The call for change in the Anthropocene usually comes as a call for systems change, i.e. changing socio-technical systems, which is very much in tune with what the American management educator Noel M. Tichy brought forward as the TPC model. Tichy argues that there are three dominating perspectives on social systems, a technical perspective, a political and a cultural perspective, hence the acronym TPC. The technical perspective is based on linear logic. The political as well as the cultural perspective refer to what can be called social complexity. Any attempt to change social systems needs to acknowledge the systemicity of politics and culture or it fails. And if we state that projects or change fail on the human side, it indicates right this. Human beings, psyches and social systems are innate complex. So, we either cater for this complexity while attempting change or we fail.

Any idea of governing the Anthropocene needs to be systemic and acknowledge complexity, emergence and contextuality. If social systems rule people, and if the Anthropocene is characterised as the epoch where human activities on the planet determine the destiny of the world, changing social systems should be in the centre of our attention.

We either continuously improve and innovate our social systems or the Five Horsemen of the apocalypse will have their day.

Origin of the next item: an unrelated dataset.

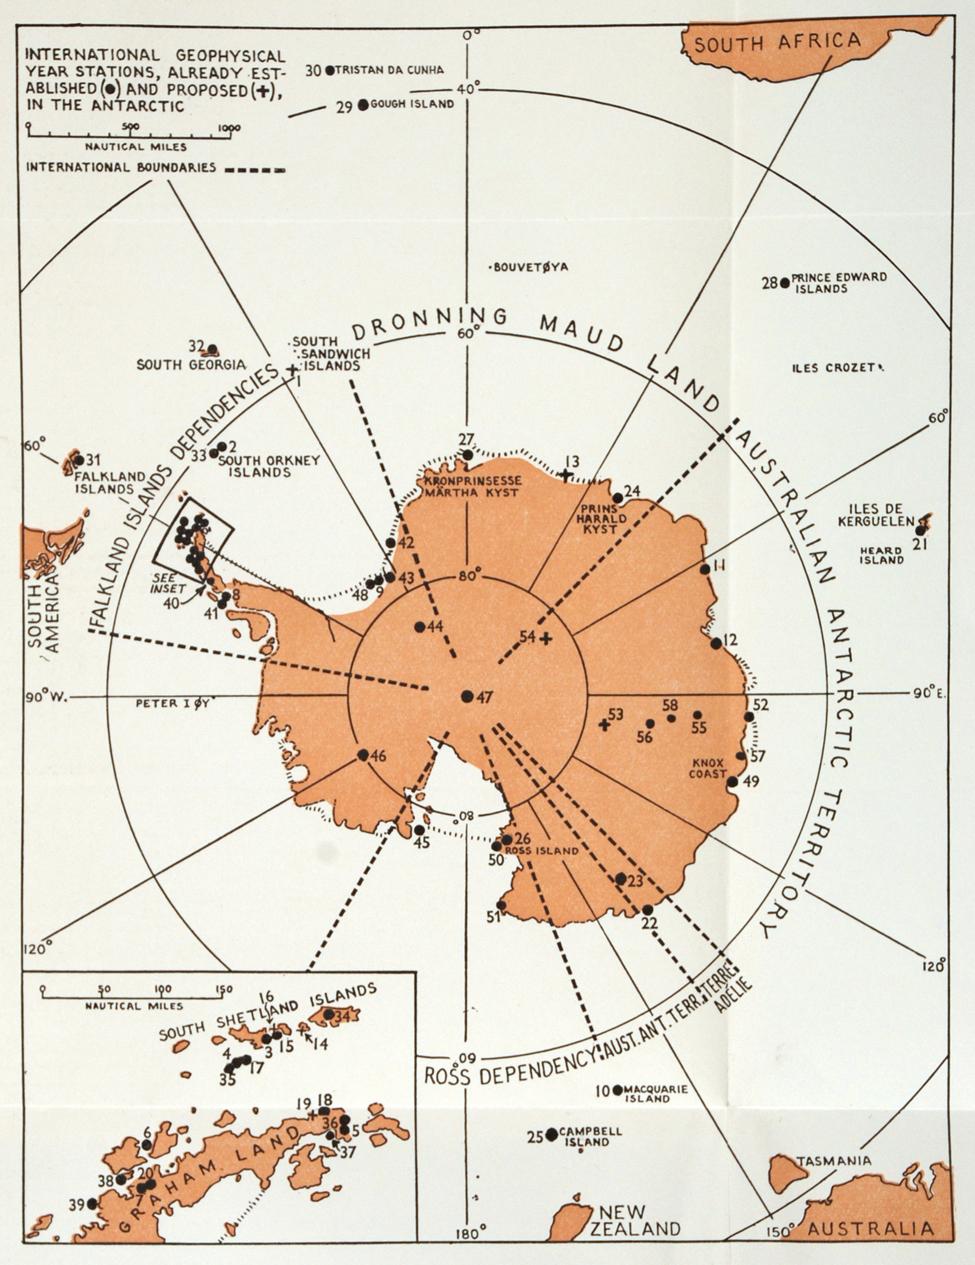 George (Colin) Bertram. <i>Antarctica Today and Tomorrow</i>. Dunedin: University of Otago, 1957.
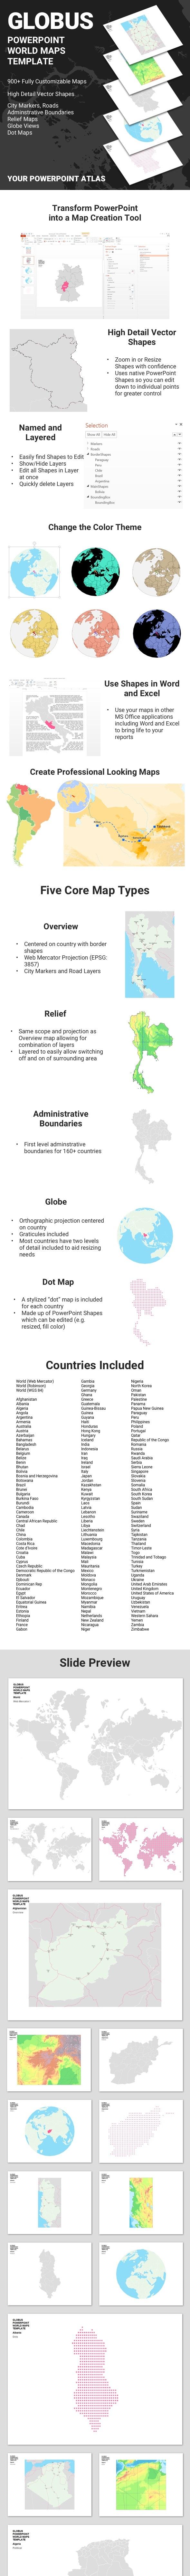 GLOBUS - PowerPoint Maps Template - Miscellaneous PowerPoint Templates

Systemic change in the Anthropocene needs to restore the primacy of politics and take it from there. And while we see two lead discourses in society, namely politics and economy, it is politics which come first. The political order sets the scene for any private activity such as business for example. In politics, in the public realm, rules are set, which channel the emergence of society which serves as the ruling context for any human activity. We tend to overlook this since good politics are silent. If the political order serves thriving of the people and the planet, it remains invisible in the individual actions. Only if we breach the law we learn upon negative sanctions that it actually exists. And while states, as the French sociologist Marcel Mauss pointed out, are institutionalised solidarity, the economy very visibly operates upon performance principles. Economies are institutionalised performance orientation. Who performs well will be rewarded and this is what the most of us aim for. And although we degrade the political order to a constraint of our activity, it provides the ruling context and comes prior to any economic activity.

If we want to change the world in the Anthropocene, pursuing thrivability of the people and the planet, we need to find the sensitive spots that allow to change the political order first to realise desirable ends with desirable means.

In the end, a systemic perspective on change shows that change can be provoked with little effort or not at all.

A systemic Enlightenment will teach us how. Successful change is systemic change.